Producers send messages to a broker/queue and a Consumer processes those messages. For a simplistic view, we have a single producer and a single consumer.

The producer creates a message and sends it to the broker/queue.

Single Producer sending a message to a queue

The message can sit on the broker until the consumer is ready to process it. This enables the producer and the consumer to be temporally decoupled.

Temporal Decoupling provided as the queue holds the message

The consumer then processes the message and it is removed from the broker/queue.

Consumer process the message from the queue

As long as you can consume messages on average faster than messages are produced, you won’t get into having a queue backlog.

But since there can be many producers, or because of load, you may start producing more messages at a faster rate than can be consumed.

For example, if you’re producing a single message every second, yet it takes you 1.5 seconds to process the message, you’re going to start filling up the queue. You’ll never be able to catch up and have an empty queue.

Queue backlog

Most systems will have peaks and valleys in terms of how many messages are produced. During the valleys is where the consumer can catch up. But if again, on average, you’re producing more messages than can be processed, you’re going to build a queue backlog.

Competing Consumers

One solution is to add more consumers so that you can process more messages concurrently. Basically, you’re increasing your throughput. You need to match or exceed the rate of production with consumption.

The competing consumer pattern is having multiple instances of the consumer that are competing for messages on the queue.

Competing Consumers of multiple consumer instances

Since we have multiple consumers, we can now process 2 messages concurrently. Since one consumer is busy processing a message, if another message is sent to the queue, we have another consumer that is available.

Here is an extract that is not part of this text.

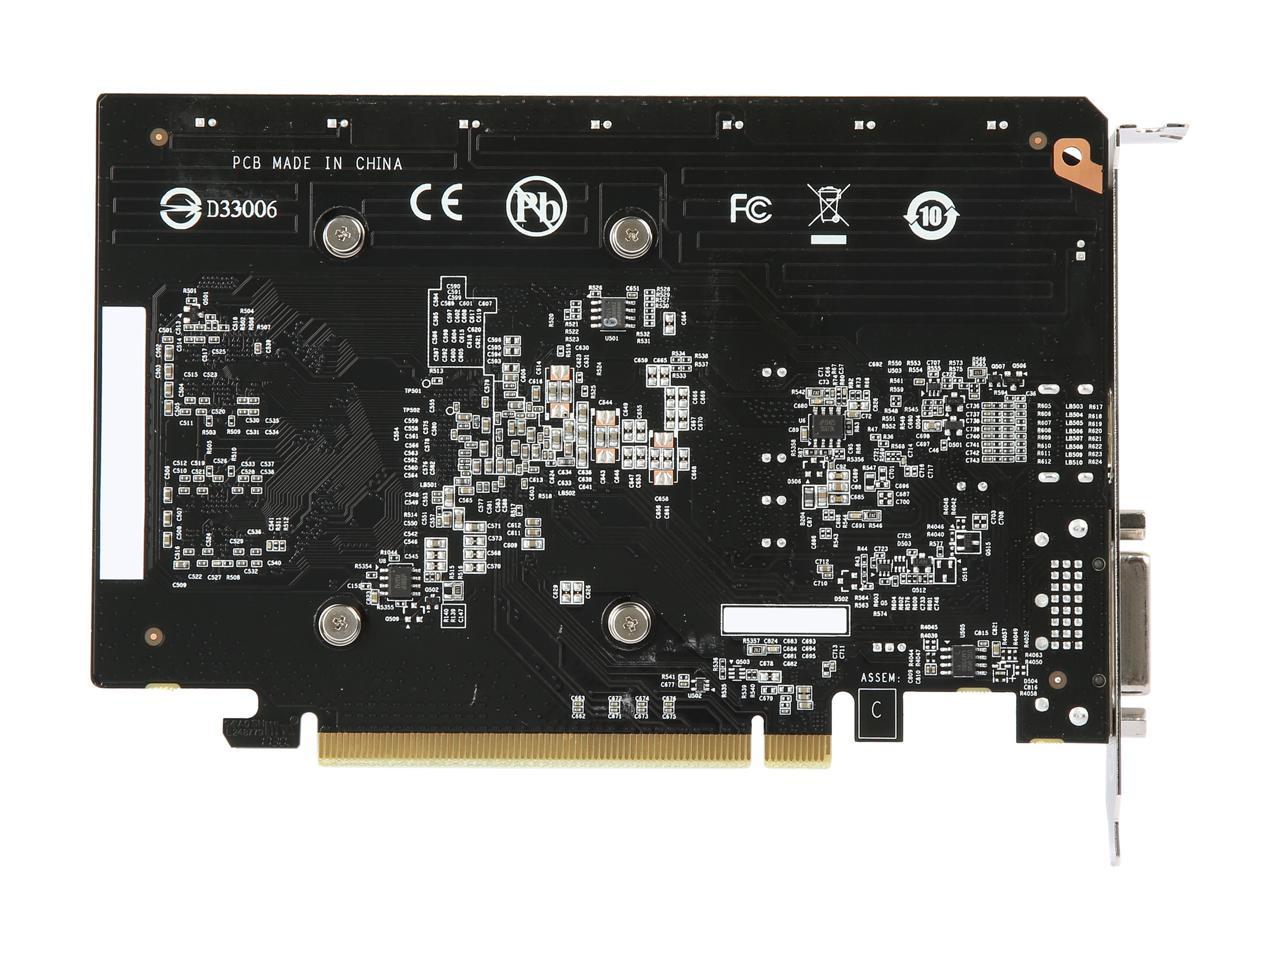 GIGABYTE GeForce GT 1030 DirectX 12 GV-N1030OC-2GI 2GB 64-Bit GDDR5 PCI Express x16 Video Card
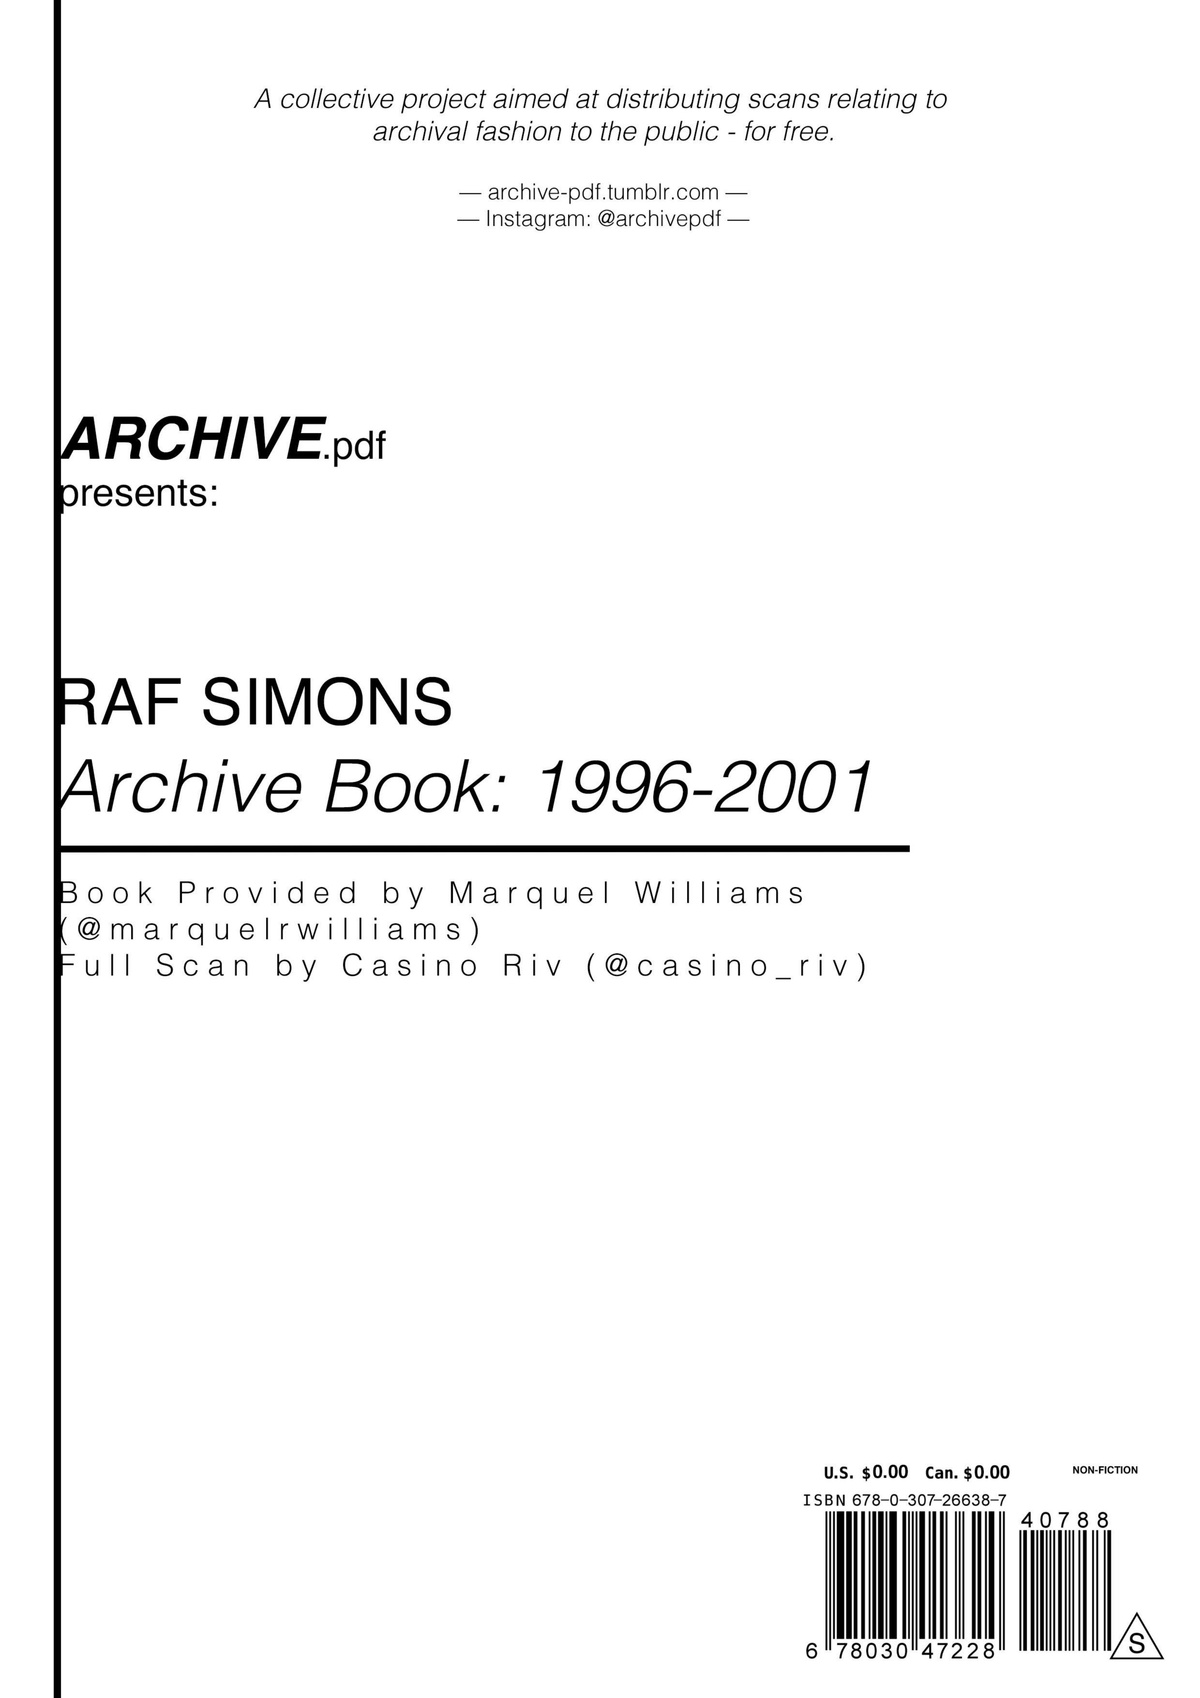 Raf Simons Archive on Tumblr

Each consumer available competes for the next message

The consumer that is available will compete for the next message and process it.

Competing consumers adds more processing which increases throughput

There are a couple of issues with the Competing consumers’ pattern.

The first is if you’re expecting to be processing messages in order. Just because you’re using a FIFO (first-in, first-out) queue, that does not mean you’ll process messages in order as they were produced. Because you’re processing messages concurrently, you could finish processing messages out of order.

The second issue is you’ve moved the bottleneck. Any downstream services that are used when consuming a message will now experience additional load. For example, if you’re interacting with a database, you’re now going to add additional calls to that database because you’re now processing more messages at a given time.

Competing consumers adding additional load on downstream services

Incoming

A queue is like a buffer. My analogy is to think of a queue as a pond of water. There is a stream of water as an inflow on one end, and a stream of water as an outflow on the other.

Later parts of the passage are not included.